На втором литре Семен задремал и приснился ему эротический сон. Лето, жара. Бокалов потный шел по улице. Городская духота и пар от раскаленного асфальта бросали его в пот. Бокалову очень хотелось пить, рот его пересох и потрескался. Вдруг к нему подошла девушка в короткой юбке и белой майке с тонкими бретельками на покатых загорелых плечах. Семен посмотрел на ее восхитительную грудь и увидел, как просвечивают из-под майки темные, аккуратные соски.

Девушка, улыбаясь, спустила бретельку с плеча, обнажая грудь. Эта бесстыдная нимфа подошла вплотную к Бокалову и ее длинные, липкие от пота пальцы нырнули в его штаны и сильно сжали возбужденный уд. Шершавый язык вавилонской блудницы проник в сухой, измученный жаждой рот Семена. И пока девушка целовала Бокалова, ее рука сжималась все сильнее и сильнее, превращаясь в стальные, безжалостно сдавливающие член тиски. Семен попробовал высвободиться, но все усилия были напрасны. Незнакомка, словно паук, расправляющийся с угодившей в паутину мухой, уже высасывала соки из захваченного врасплох искусствоведа.

Бокалов вдруг почувствовал, что не может дышать, он стал задыхаться. А дама продолжала душить его своим языком, навалившись всем телом, сдавливая грудь.

Семен открыл глаза и принялся жадно хватать пересохшим ртом воздух. Сердце бешено колотилось в груди. Кое-как отдышавшись он стал потихоньку приходить в себя. Во рту был какой-то кислый привкус пива и рыбы, при этом язык высох и сделался деревянным на ощупь. Семен взглянул на будильник: электронное табло показывало 5.55 утра.

Поднявшись с постели, он поправил неудобно торчащий член и отправился в ванну отмачивать язык.

Войдя в ванную комнату, Семен открыл кран с холодной водой и подставил свой окаменелый язык под струю, затем вынул из трусов к тому времени уже опавший член и стал мочиться в ванну.

Мочился он долго, это выходило вчерашнее пиво. Закончив утренний моцион, Семен умылся и вышел из ванной.

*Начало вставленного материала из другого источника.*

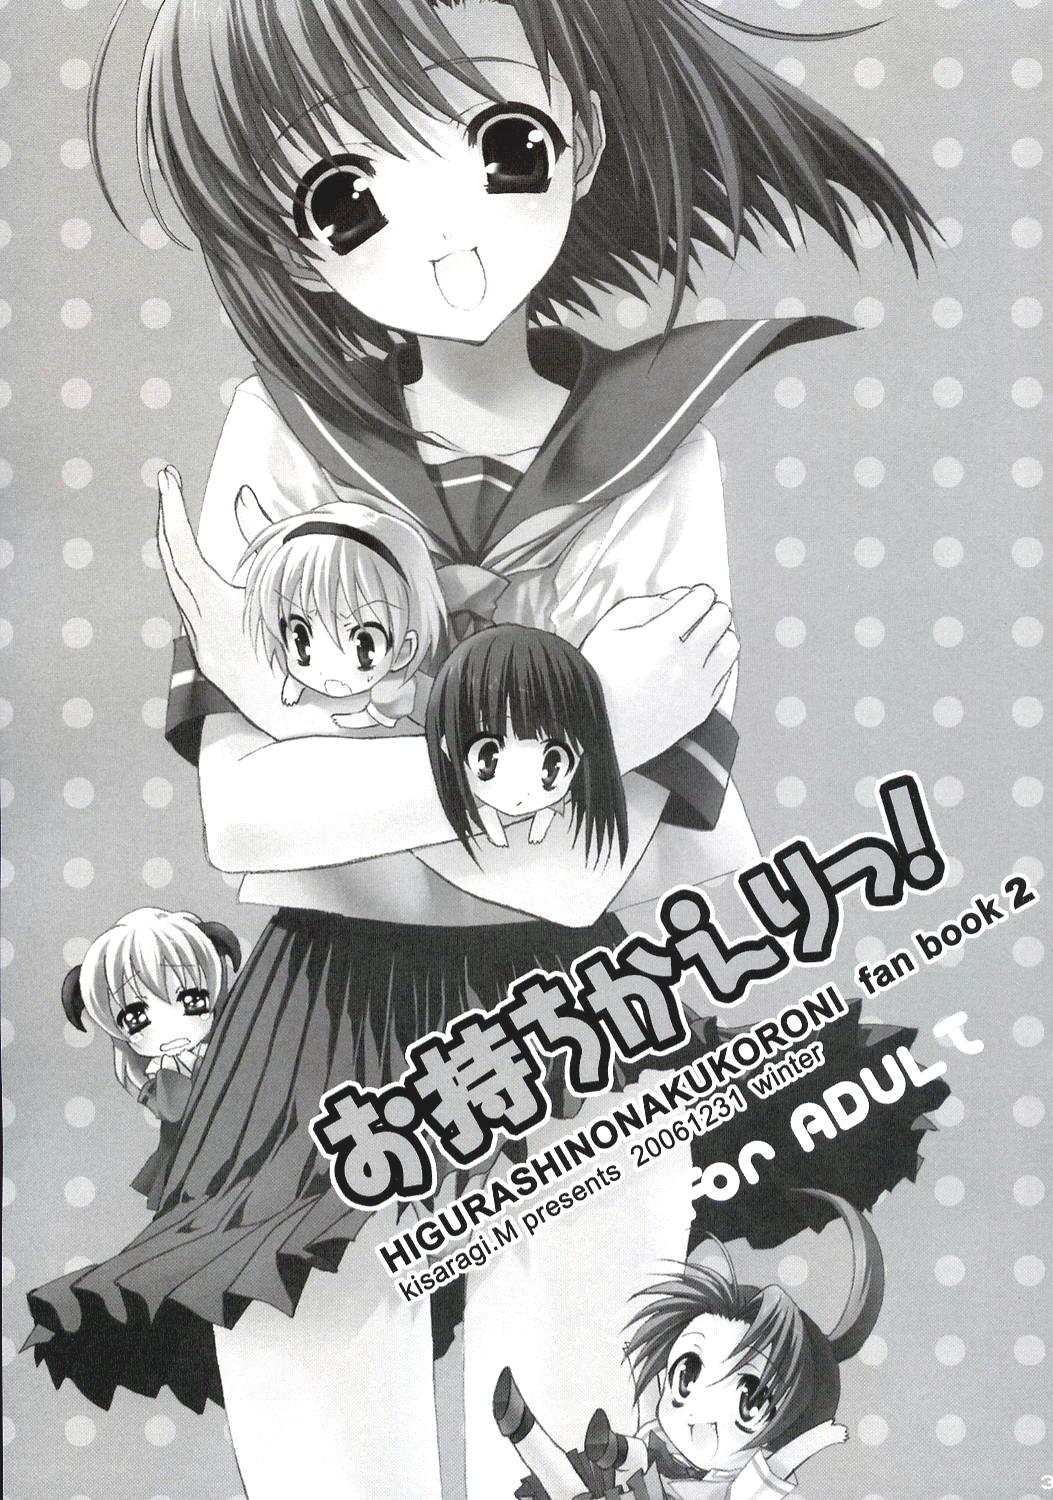 Lesbo Omochikaeri! - Higurashi no naku koro ni Doggystyle - Page 2

Изучая свой проколотый палец, он не мог понять, откуда что взялось. Семен даванул, черное жало на долю миллиметра показалось на поверхности кожи. Бокалов хотел его ухватить, но ничего не получилось. Полчаса он провел, разыскивая иголку, эта затея успехом не увенчалась. Тогда Семен переключился на поиски пинцета. Благо, пинцет нашелся уже на двадцатой минуте поисков и изощренных идиоматических трехэтажных словесных конструкций. Находка пинцета тоже не дала ожидаемого результата, заноза прочно сидела в пальце, лишь слегка высовывая свою черную мордочку, но тут же прятала ее обратно в норку. В порыве раздражения Семен швырнул пинцет и кинулся на кухню. Ярость его настолько пульсировала и бушевала, что он уже был готов схватить нож и оттяпать себе полпальца вместе с занозой. Но Бокалов лишь открыл на полную мощность кран с холодной водой и сунул под струю пульсирующий, горящий перст. Слегка успокоившись, Семен закрыл воду и вновь попытался извлечь посторонний предмет. Он со всей силы сжал ногтями палец, и маленькая черная занозка вышла с капелькой крови из кожицы. Не то, что бы Семен был доволен, но определенная гордость теплилась в его душе, он справился, победил занозу. Собравшись, Бокалов поспешил на работу. Доехав до работы и усевшись на свой белый протертый диван, Семен невзначай посмотрел на палец и чуть не взвизгнул от негодования. В пальце чернела новая заноза. И откуда она взялась на этот раз было уже совсем непонятно. Ту прошлую Семен извлек, сомнений не было. Бокалов вновь принялся давить палец ногтями, но кроме капелек сукровицы ничего из раны не выходило, а заноза продолжала оставаться под кожей. То ли от инородного предмета внутри, то ли от того, что Семен безжалостно давил ногтями, палец распух и дико ныл.

В этот момент в галерею вошел очередной сумасшедший. Это был мужчина лет сорока. Грязные немытые волосы на его голове торчали в разные стороны, щеки были покрыты густой, неравномерно седеющей щетиной. Странная потусторонняя улыбка блуждала лице. Мужчина как-то хитро искоса поглядывал на Бокалова. Обычно так смотрят себялюбивые звезды, входя в магазин или в кафе, боковым зрением наблюдая и пытаясь понять, узнали их или нет. Семен не узнал незнакомца, а сумасшедшие давно перестали вызывать у него интерес. Бокалов пробежался глазами по неряшливой засаленной одежде посетителя и устремил взор на занозу.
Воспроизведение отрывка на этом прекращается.